Records shown:

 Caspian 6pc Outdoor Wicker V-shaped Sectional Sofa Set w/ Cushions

--

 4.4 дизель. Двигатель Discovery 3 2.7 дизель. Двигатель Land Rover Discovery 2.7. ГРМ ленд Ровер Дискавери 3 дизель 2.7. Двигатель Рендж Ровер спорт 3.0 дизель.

---

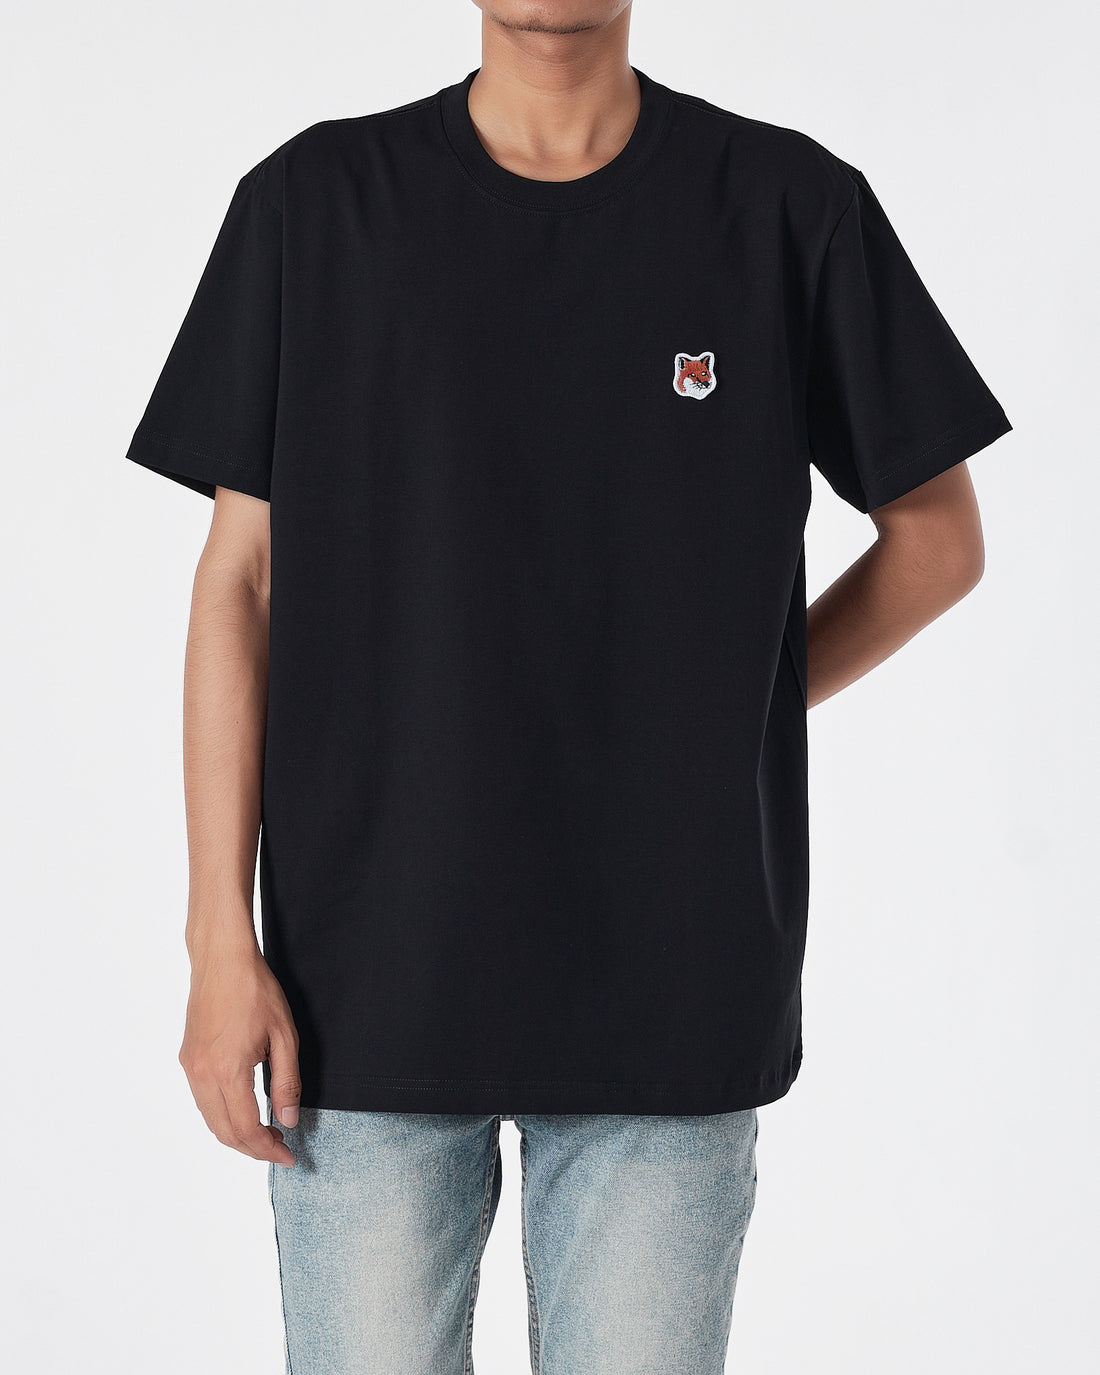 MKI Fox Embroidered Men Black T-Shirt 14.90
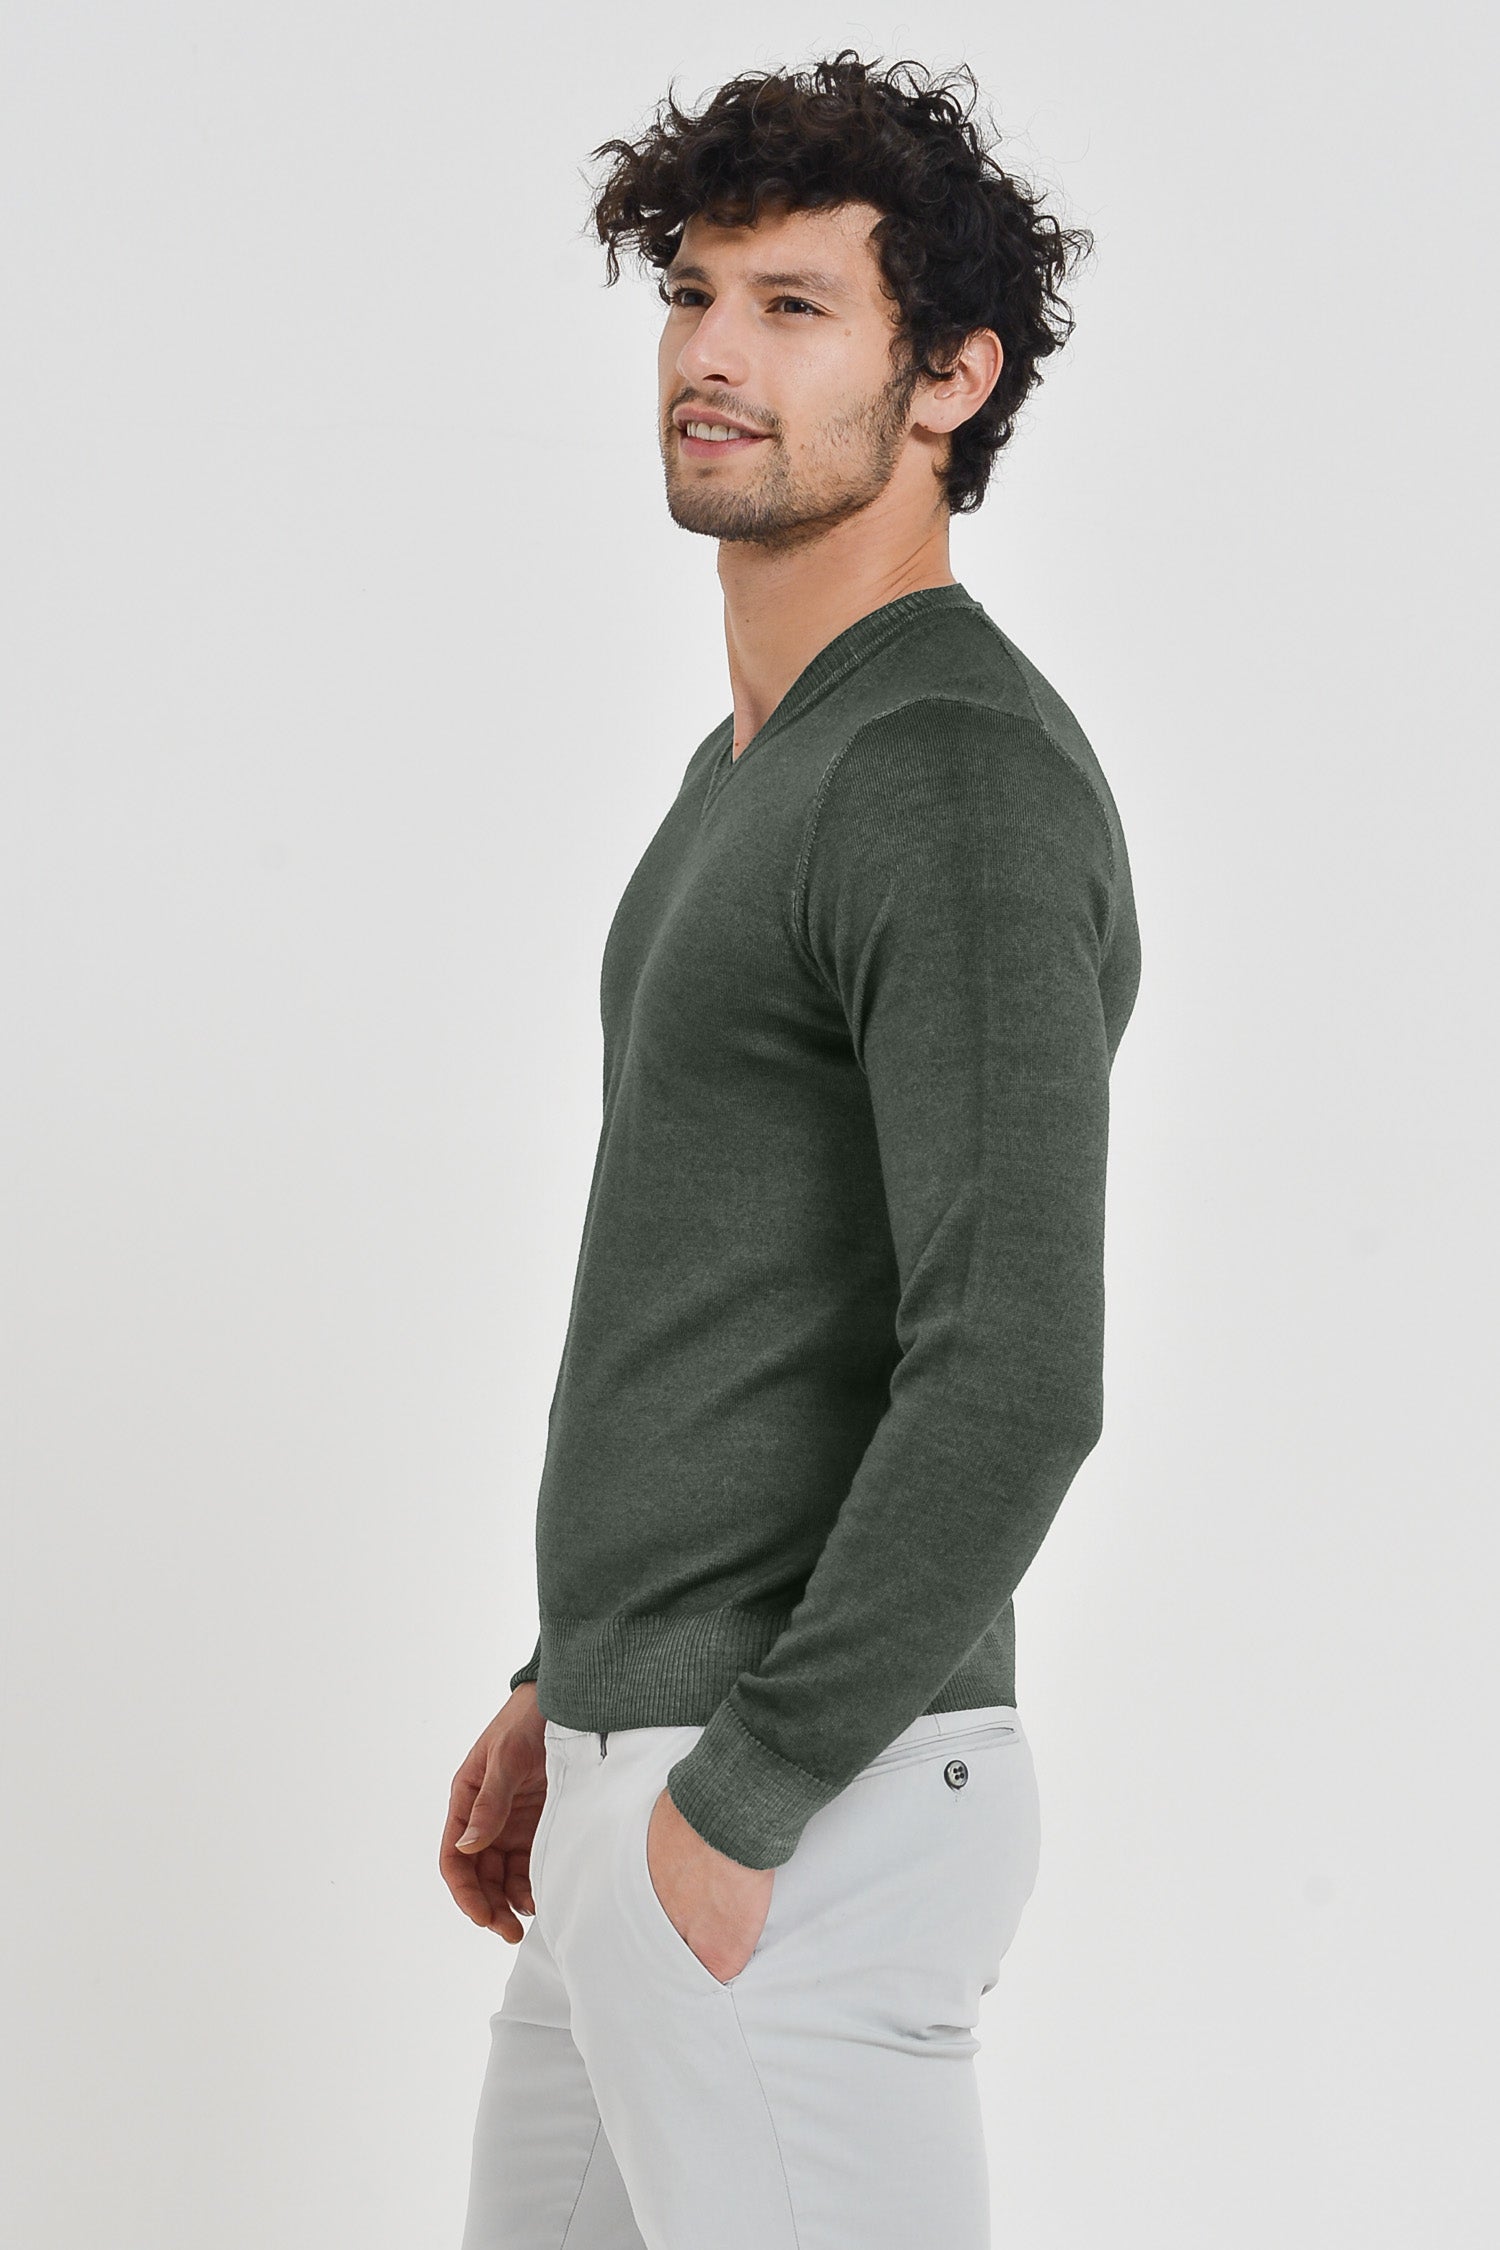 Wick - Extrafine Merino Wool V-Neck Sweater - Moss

Exercise requirements: Would you output the lines above from the line holding "MKI Fox Embroidered Men Black T-Shirt 14.90" up to and including the line holding "Wick - Extrafine", exactly and only those, with no pictures?

Expected answer:
 MKI Fox Embroidered Men Black T-Shirt 14.90
 Wick - Extrafine Merino Wool V-Neck Sweater - Moss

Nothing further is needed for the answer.